The result of this intensive planning and design process is a building characterised by flexibility, airy openness and simple, clear definition. The three open floors have been laid out with incremental noise levels in mind – from easy socialising in the lounge and café areas to group study areas and finally to the library reading rooms designated for “quiet” use where students can concentrate completely on individual study.

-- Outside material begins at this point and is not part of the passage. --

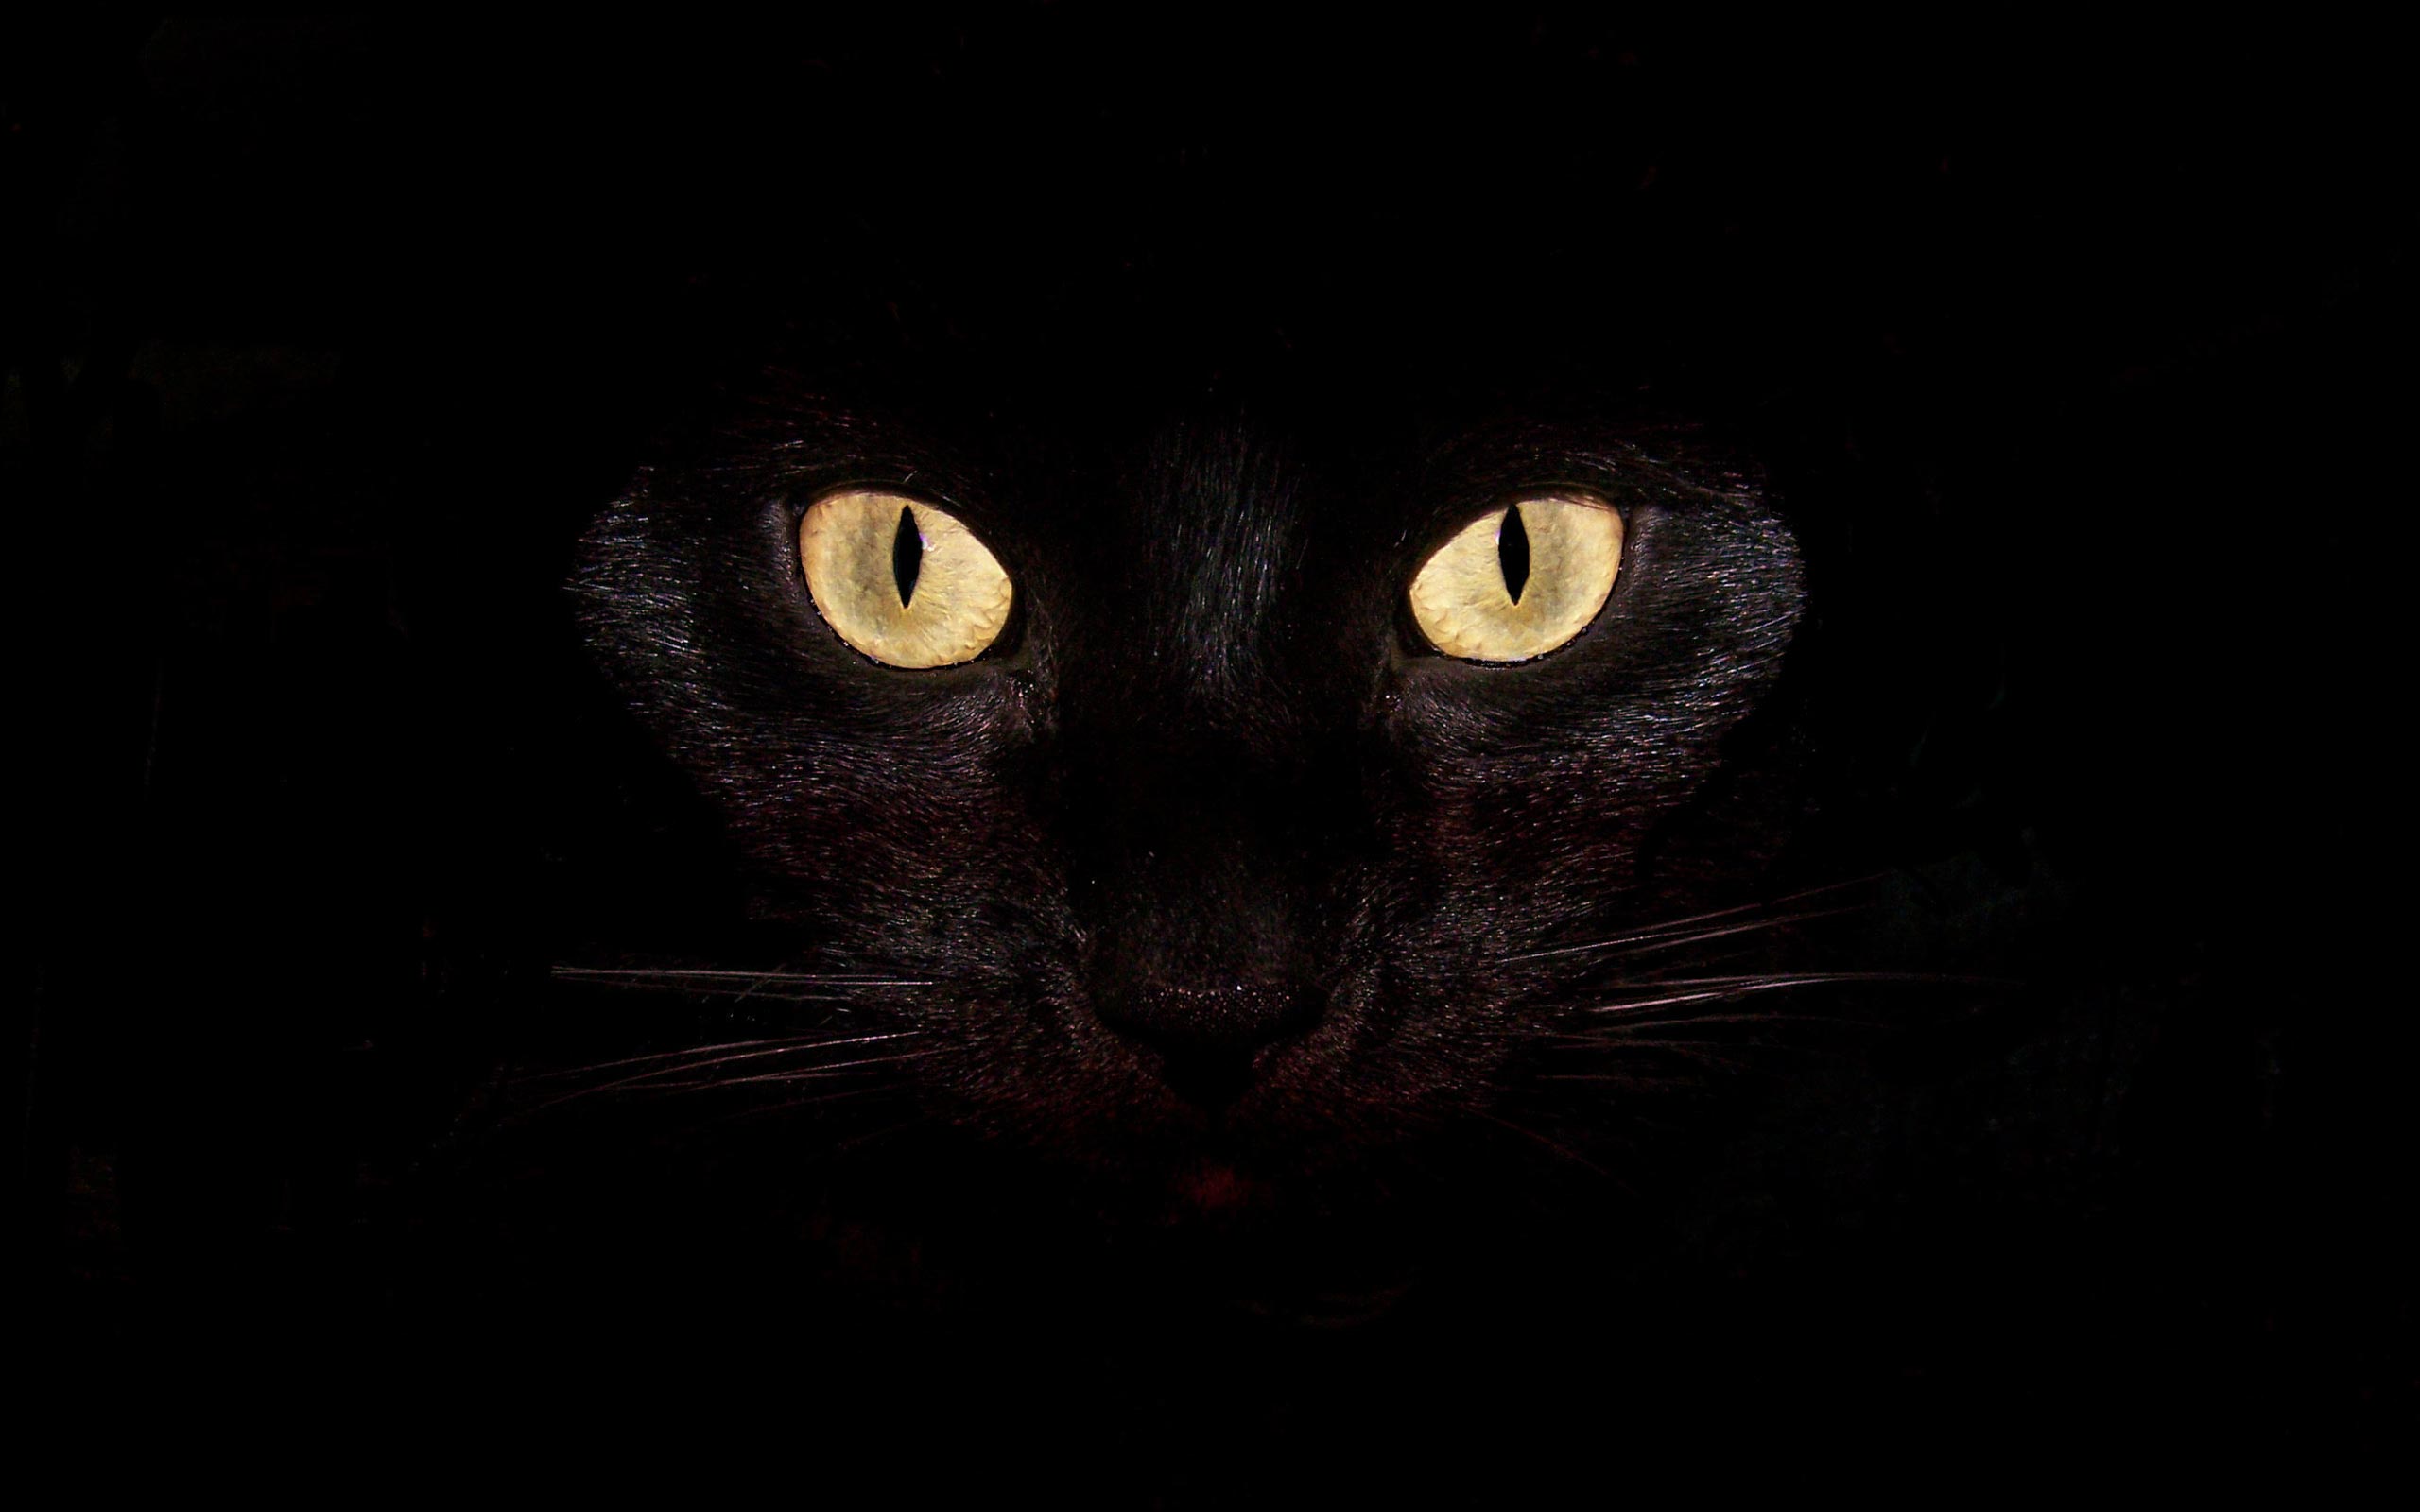 Abstract Black Cat Background Wallpaper High Quality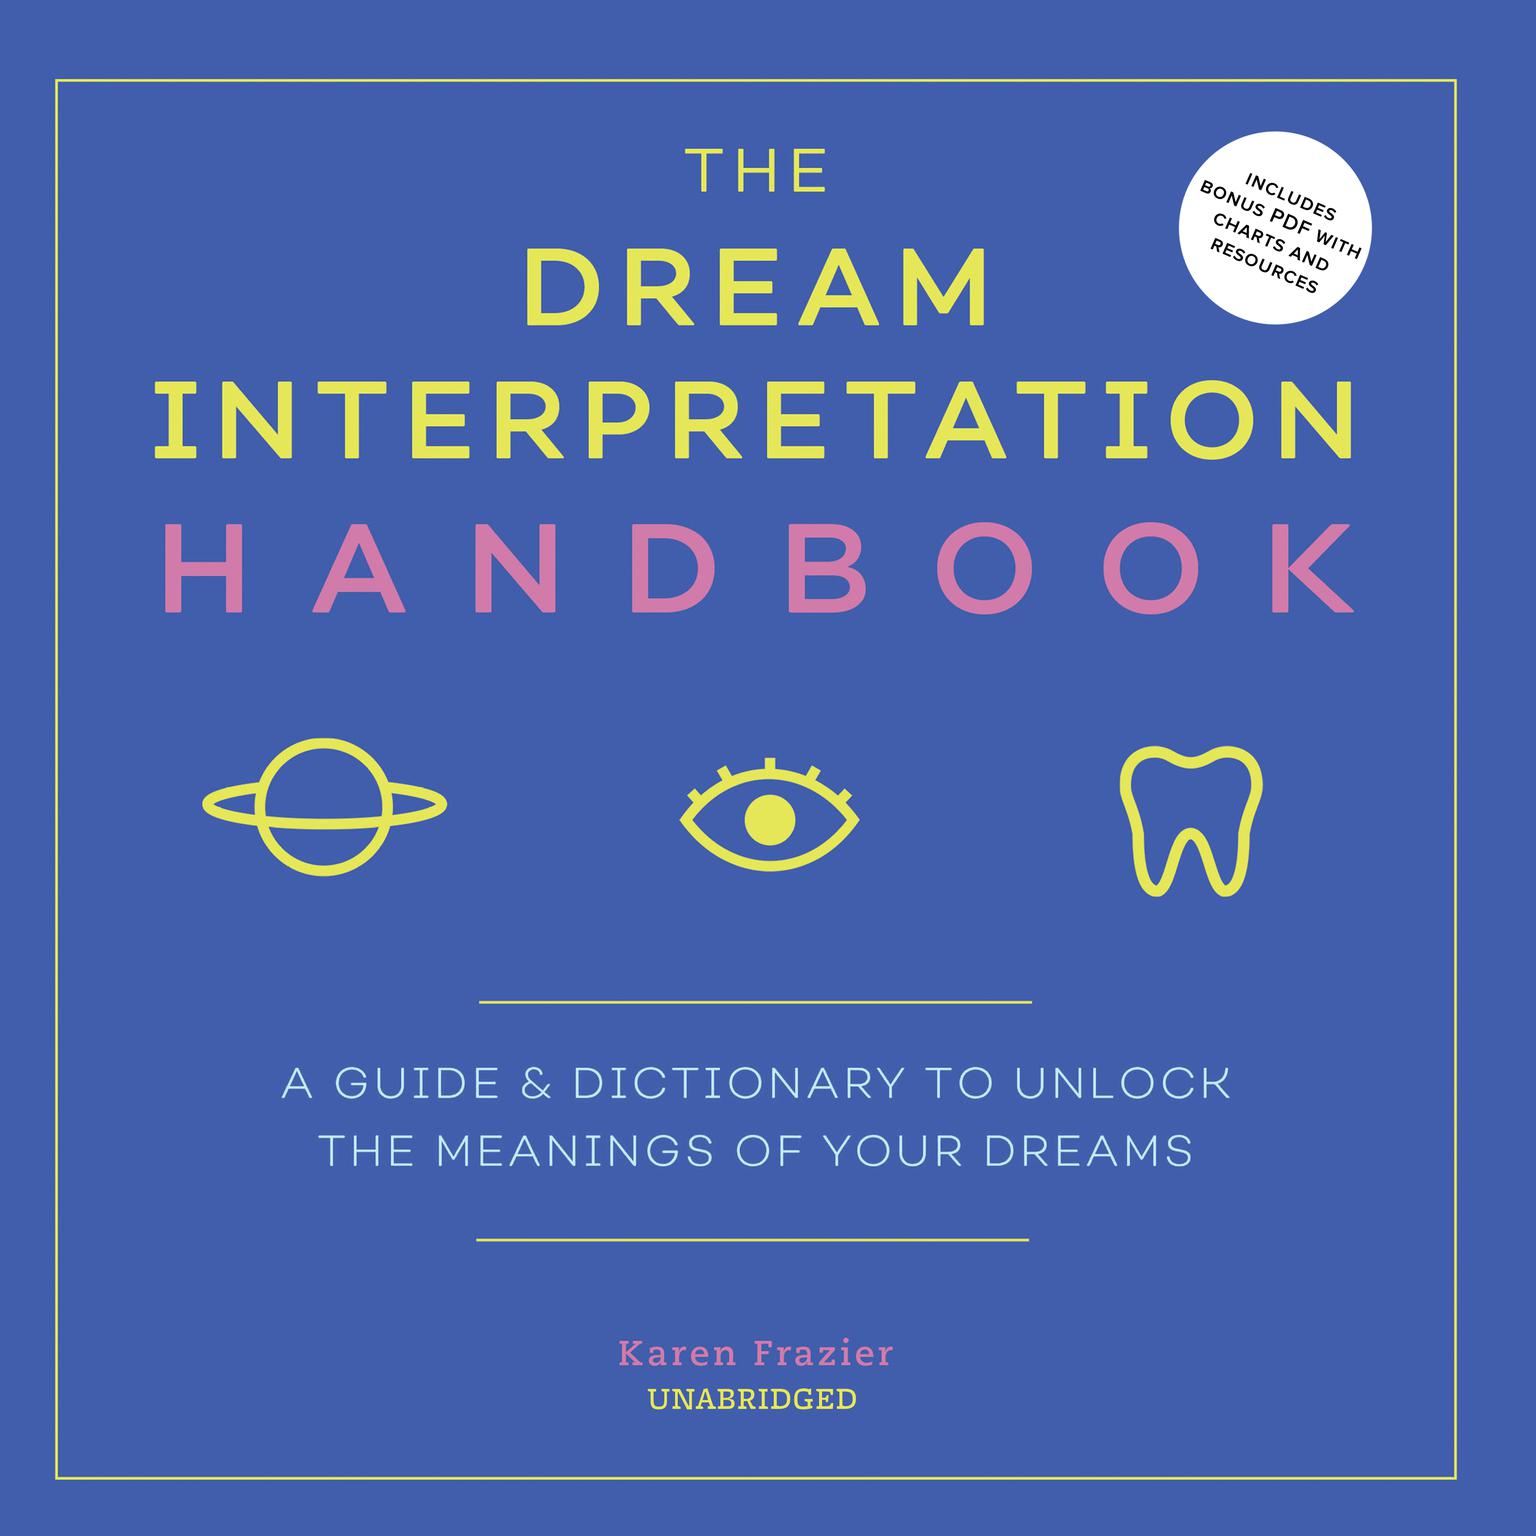 The Dream Interpretation Handbook: A Guide and Dictionary to Unlock the Meanings of Your Dreams Audiobook, by Karen Frazier

73 km of cultural heritage safeguarded in climate controlled archive rooms
In addition to its study and reading facilities the new faculty library building houses three large archive rooms for Royal Library books and records. The first of these, erected as part of phase one of the project built in 1998, houses 45 km of book shelves. Phase two includes a further two archive rooms with – between them – 28 additional km of shelving affording storage conditions with optimum temperature and relative humidity control, including one archive at 2 C for particularly sensitive audiovisual material.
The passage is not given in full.